**Problem requirements:** Exactly the lines from the one containing "be on sound(美音サウンド)" through the one containing "Ghost Pumpkin NOS" in the listing below are to be copied, with the pictures left out.

**Material for this exercise:**
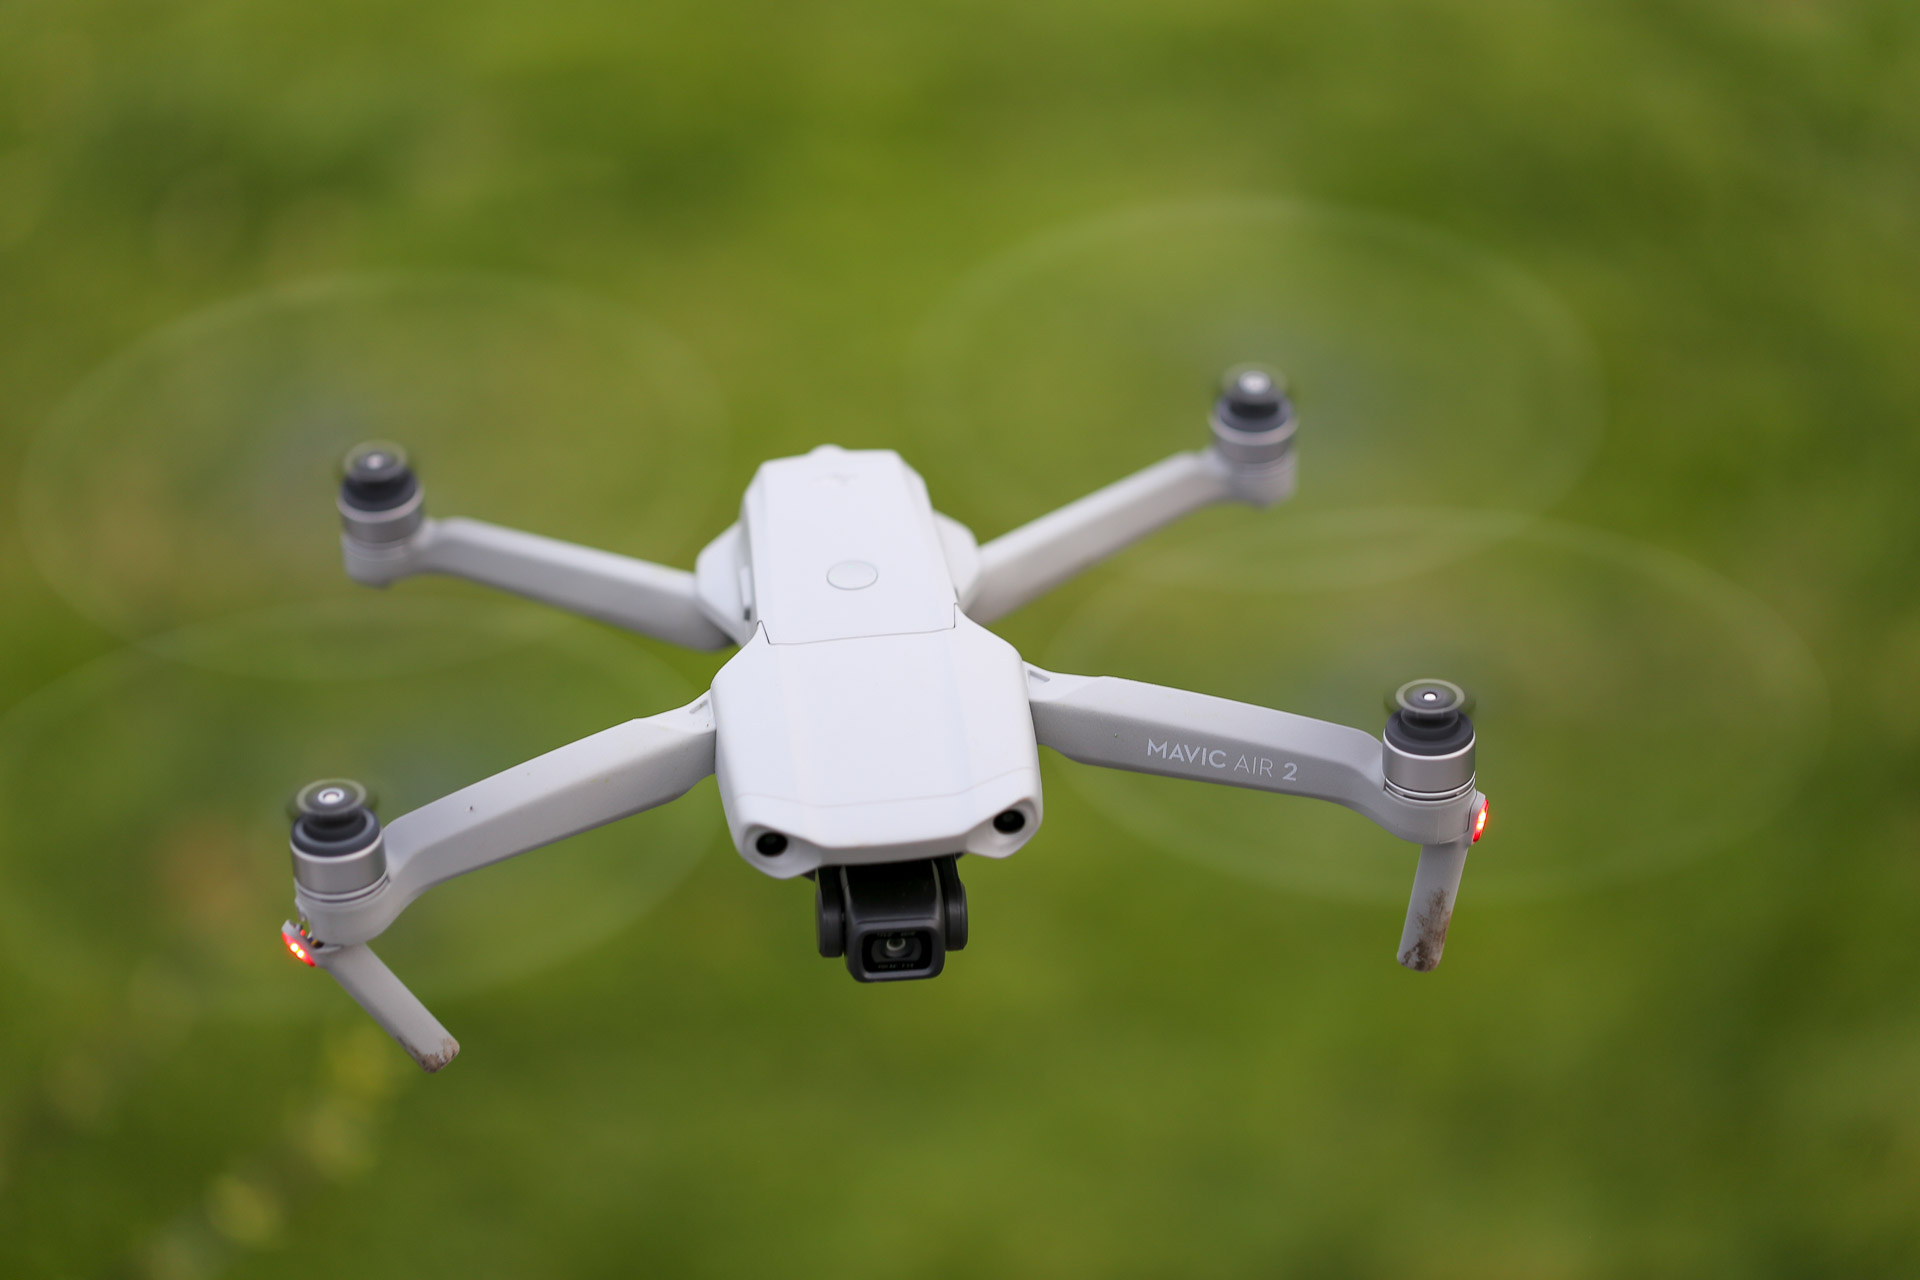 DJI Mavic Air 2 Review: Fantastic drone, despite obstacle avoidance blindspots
...
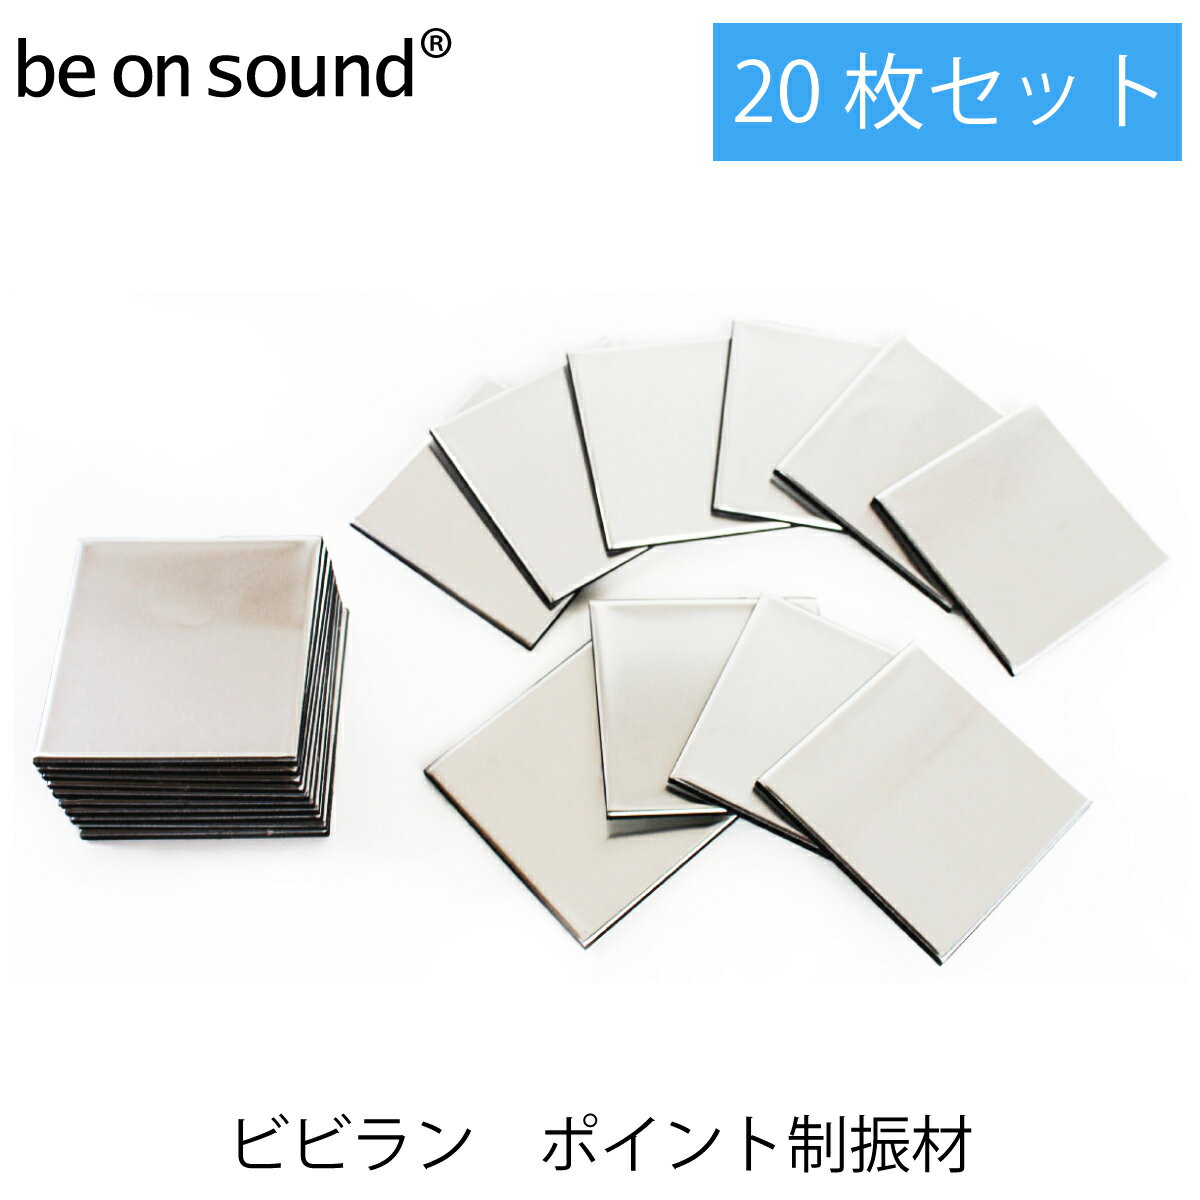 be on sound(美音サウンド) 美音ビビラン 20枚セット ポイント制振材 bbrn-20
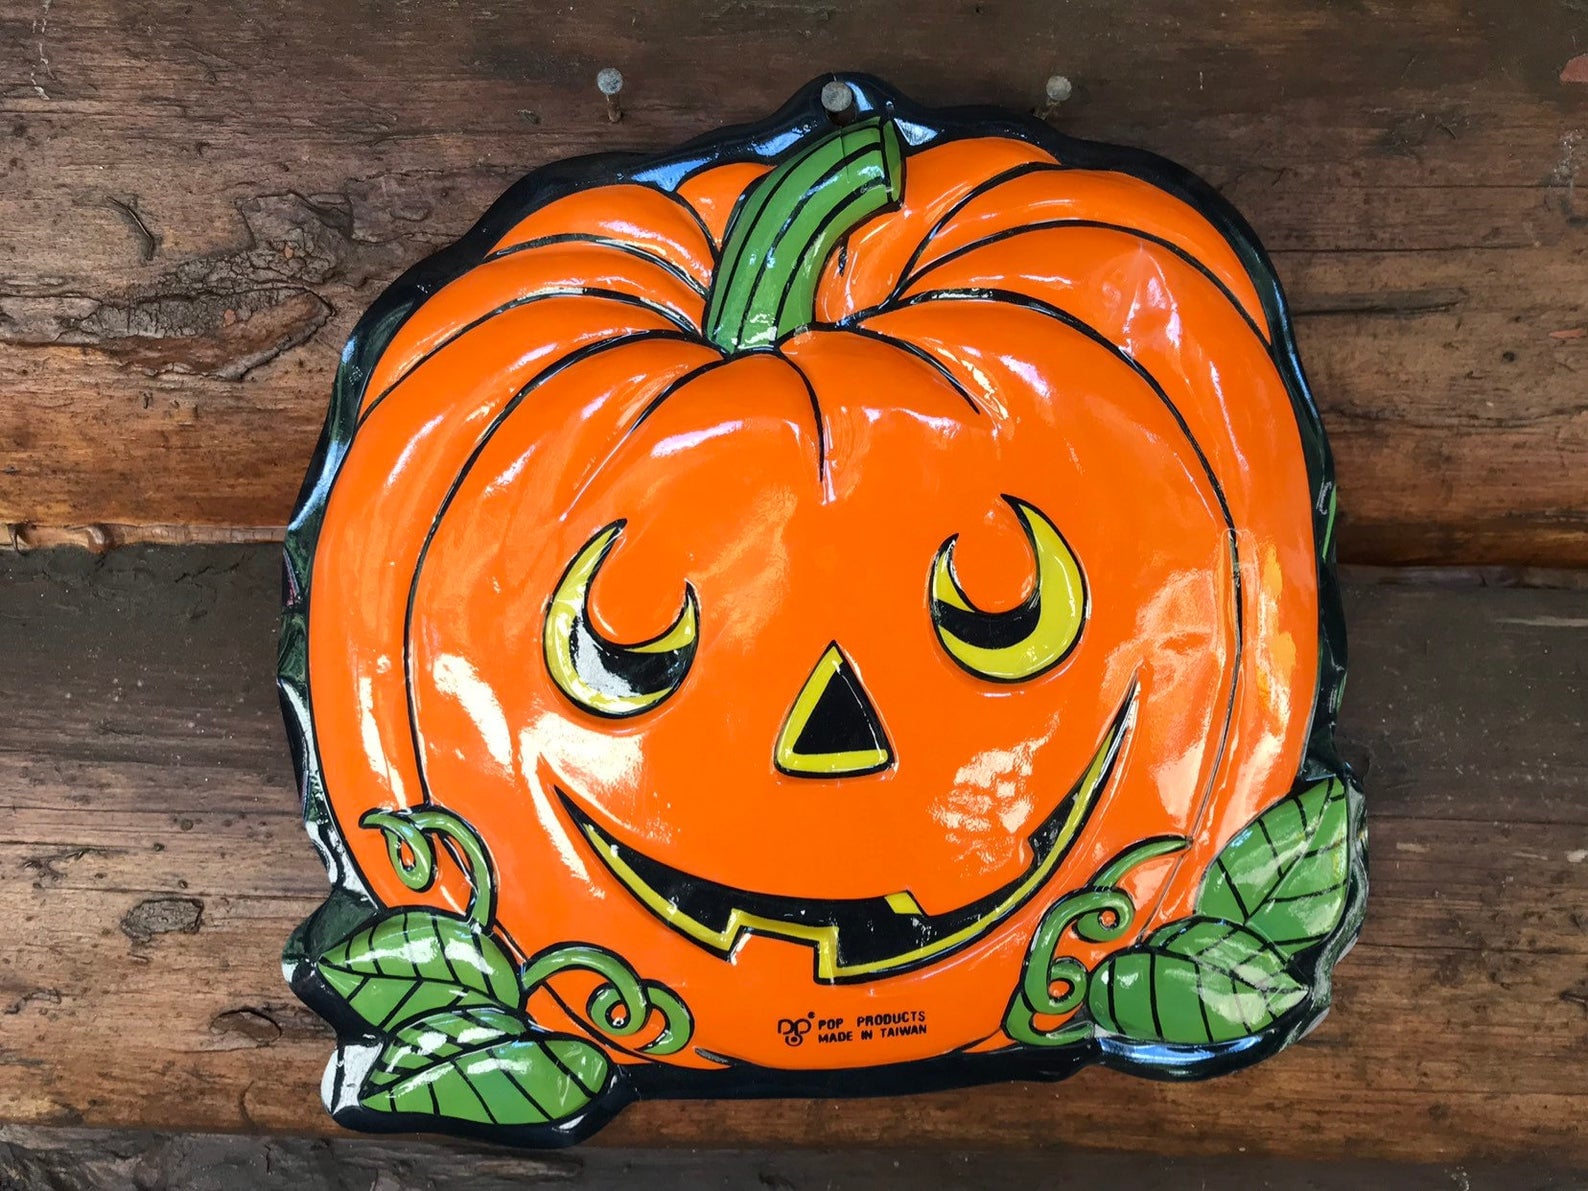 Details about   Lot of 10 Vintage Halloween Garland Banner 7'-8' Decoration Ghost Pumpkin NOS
--
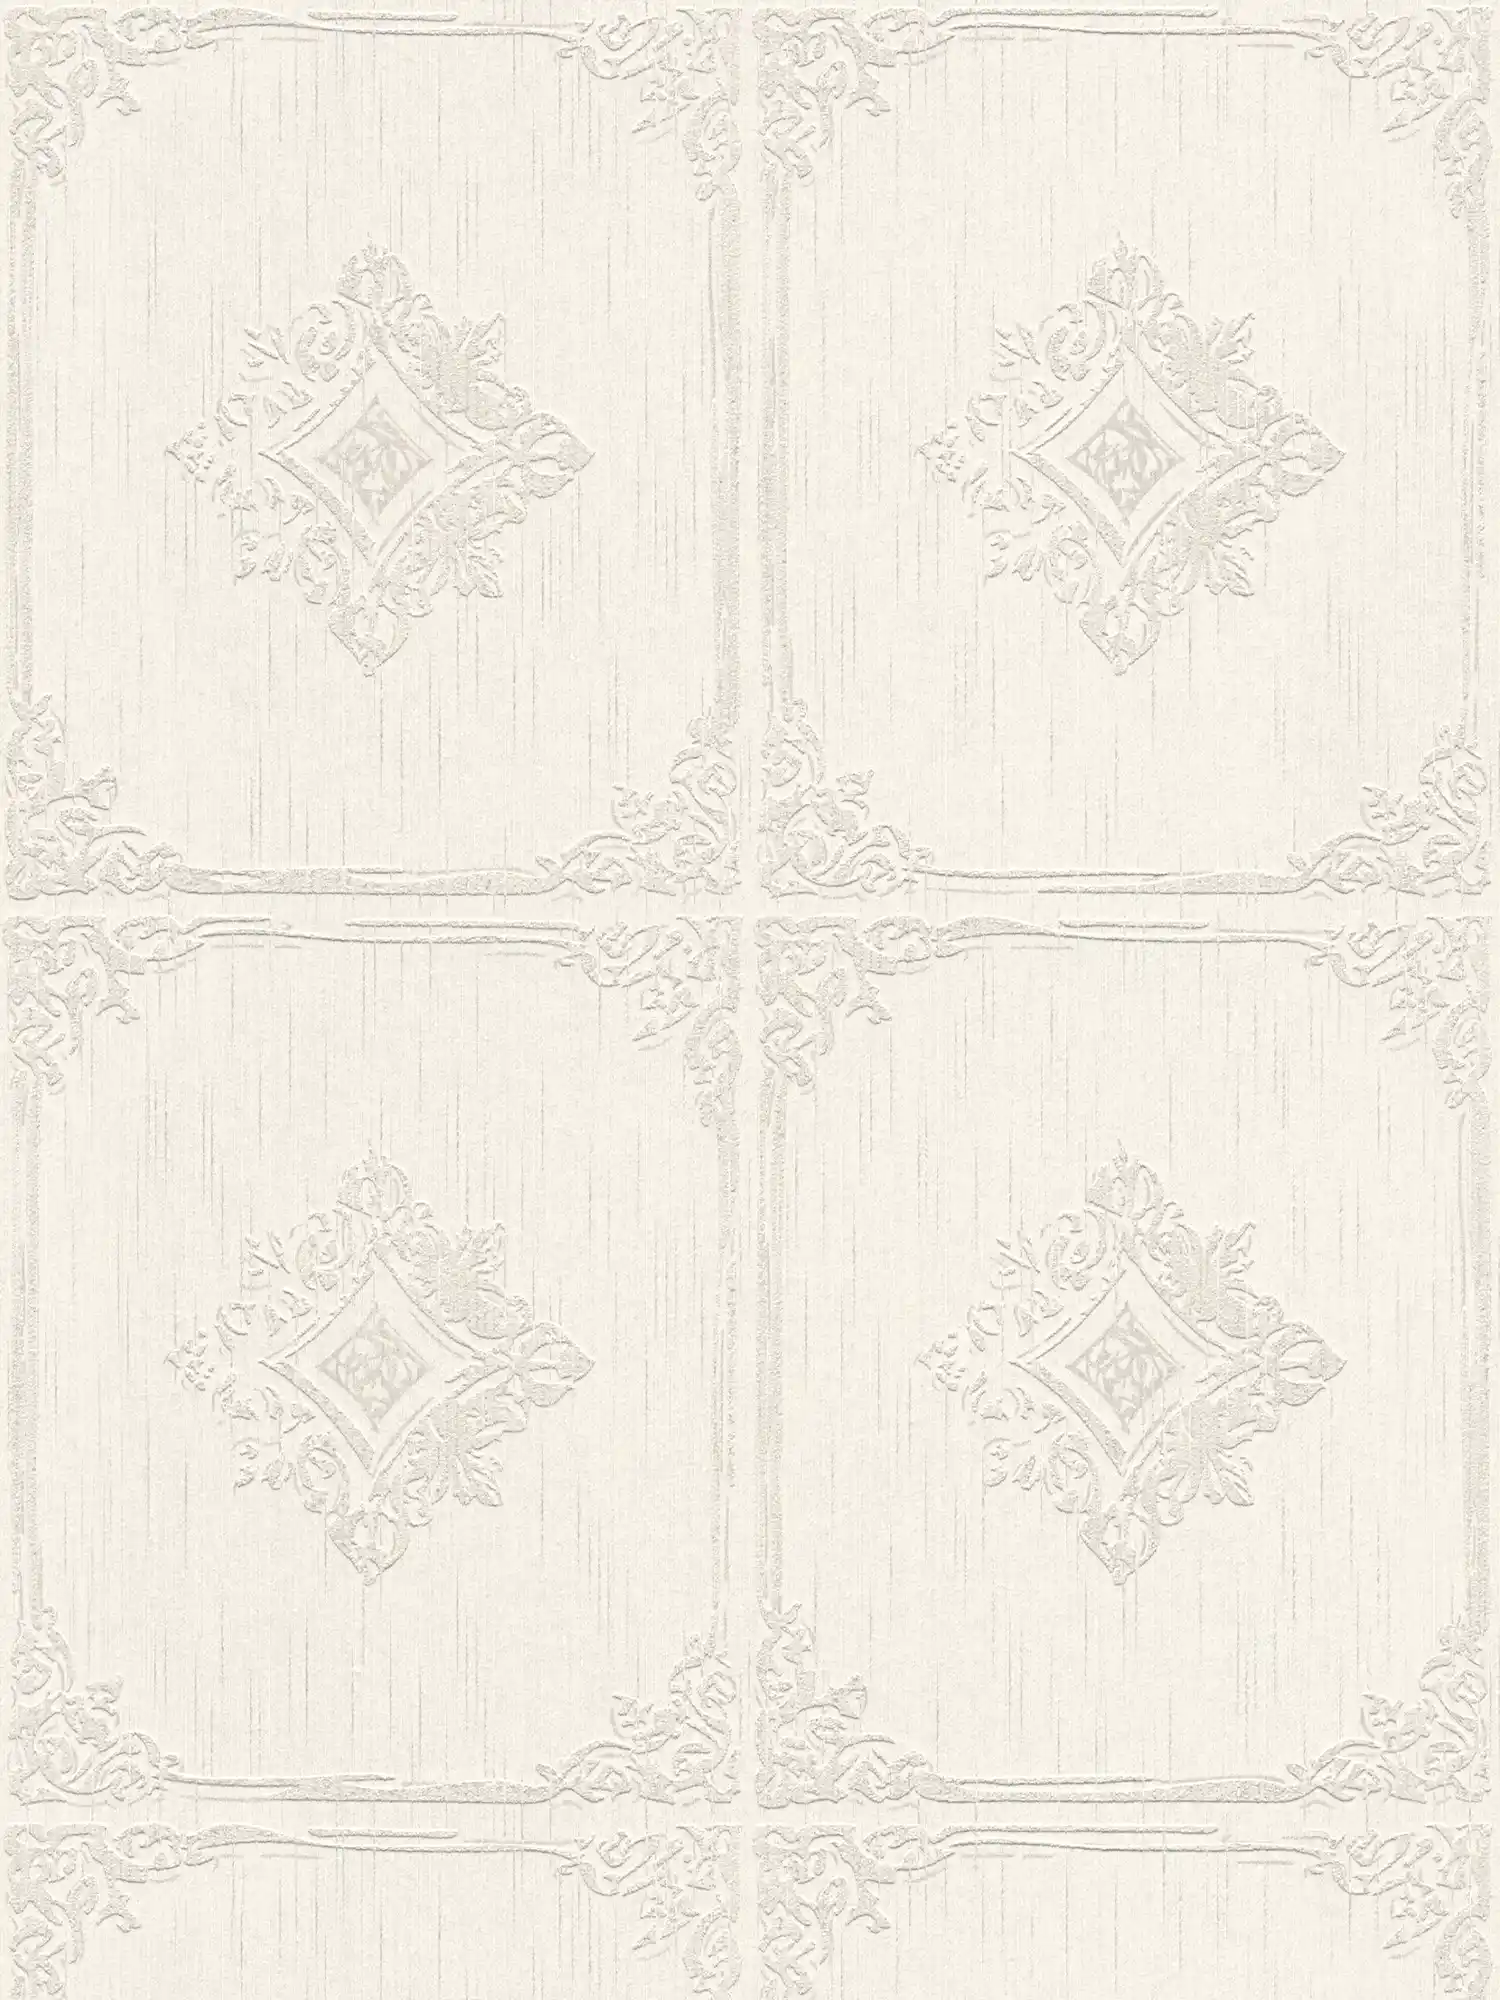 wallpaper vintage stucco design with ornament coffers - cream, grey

**Expected answer:**
 be on sound(美音サウンド) 美音ビビラン 20枚セット ポイント制振材 bbrn-20
 Details about   Lot of 10 Vintage Halloween Garland Banner 7'-8' Decoration Ghost Pumpkin NOS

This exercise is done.